Google's new AI is able to pick out voices in a crowd

Google works out a fascinating, slightly scary way for AI to isolate voices in a crowd

Google works out a fascinating, slightly scary way for AI to isolate voices in a crowd

Even though you may not know the location of where your friend is standing, his or her voice has a certain pattern which you can immediately recognise irrespective of the noisy crowd around you. Parts of the speeches and lectures with no background sound and just a single person in view were then extracted to generate videos of a cocktail party type environment, with non-speech background noise obtained from AudioSet.

The Google development team trained its neural network model in order to recognize individual people's voices.
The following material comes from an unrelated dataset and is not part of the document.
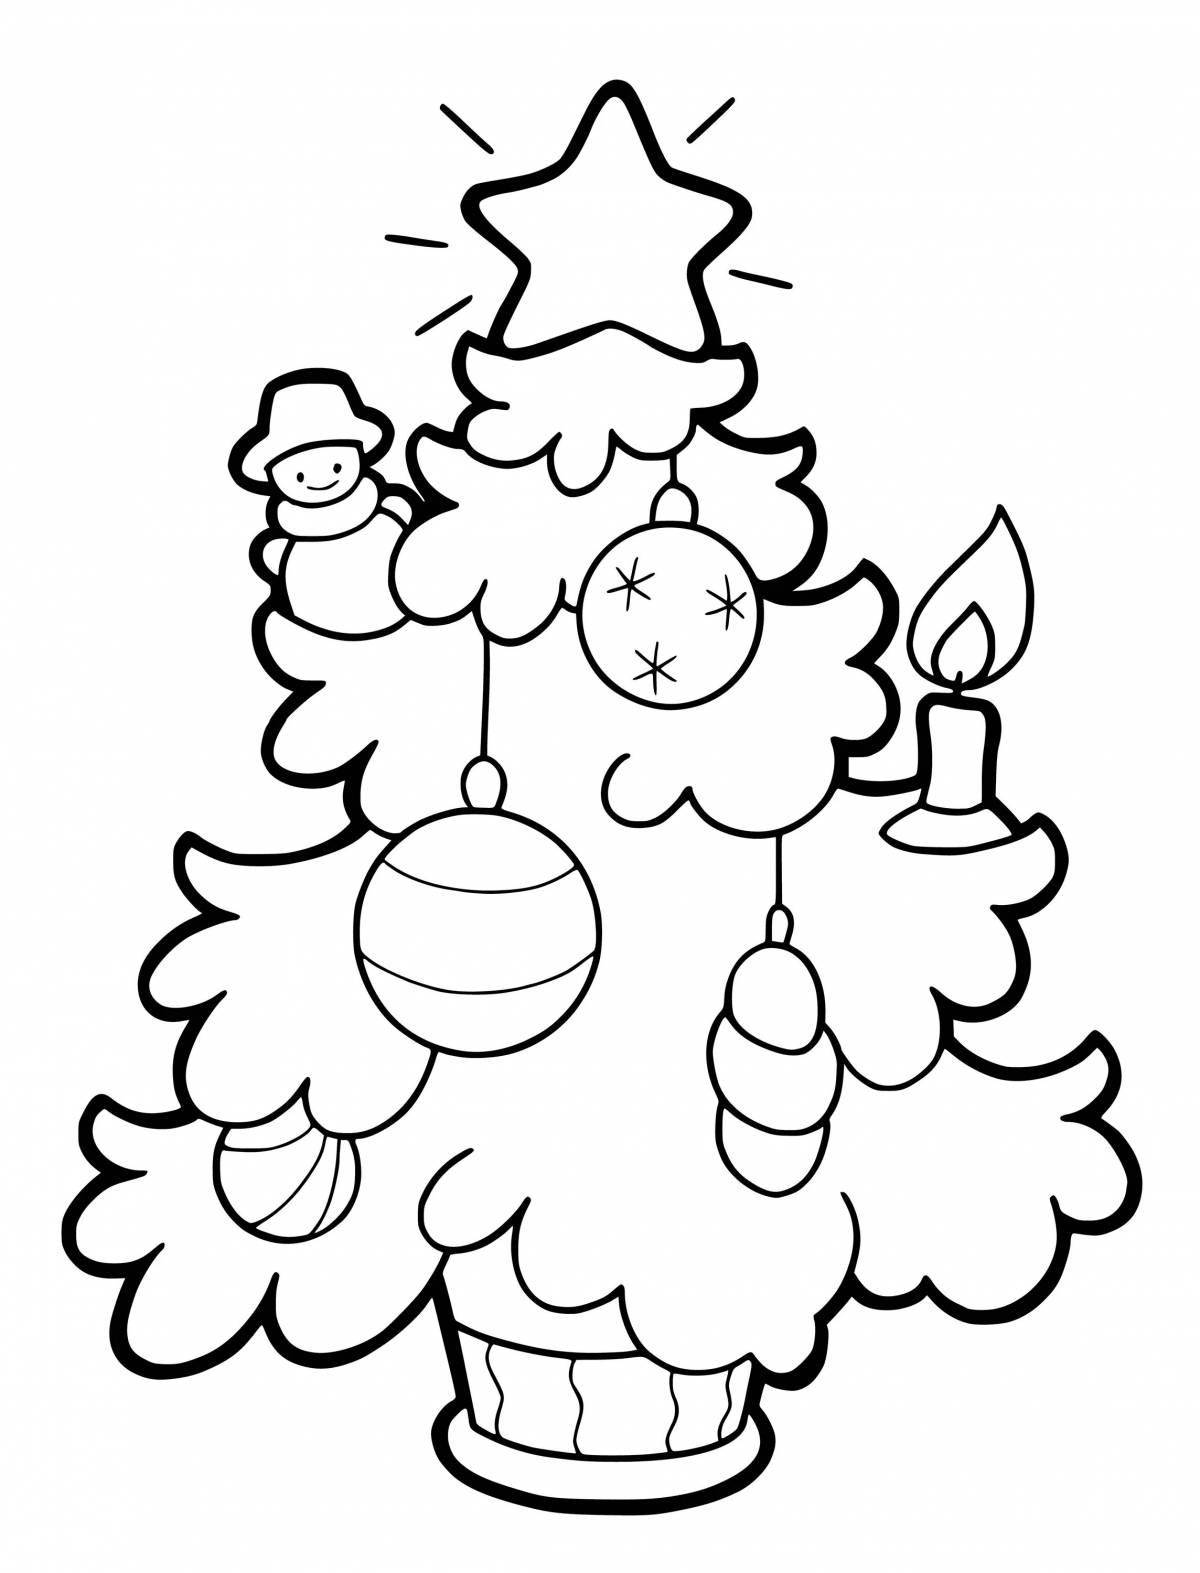 Sparkling Christmas tree coloring book for 5-6 year olds

According to the blog post, the researchers developed this model by gathering 100,000 videos of "lectures and talks" on YouTube, extracting almost 2,000 hours worth of segments from those videos featuring unobstructed speech, then mixing that audio to create a "synthetic cocktail party" with artificial background noise added. This would be a particularly big convenience for videos recorded in noisy environments that may at times make it hard to hear the speaker.

In the test clip from above, Google has managed to separate the voices of the two stand up comedians from the crowd (and each other) by recognising their faces and generating an audio track for that particular individual's speech. Google looks at the movements of the person's mouth and correlates that with the sounds that are produced as the person is speaking.

"The visual signal not only improves the speech separation quality significantly in cases of mixed speech (compared to speech separation using audio alone, as we demonstrate in our paper), but, importantly, it also associates the separated, clean speech tracks with the visible speakers in the video".

In its Developer Blog, Google writes about the feature that it is "an entirely new way to explore books by starting at the sentence level, rather than the author or topic level". The AI tracks a person and their voice even when their face is obscured with a waving hand or a microphone. The experiment also means that newer technological features are coming soon to enhance user experience. China could easily implement something like this on a mass scale, considering how it has been using facial recognition technology to compromise law-breakers in the country.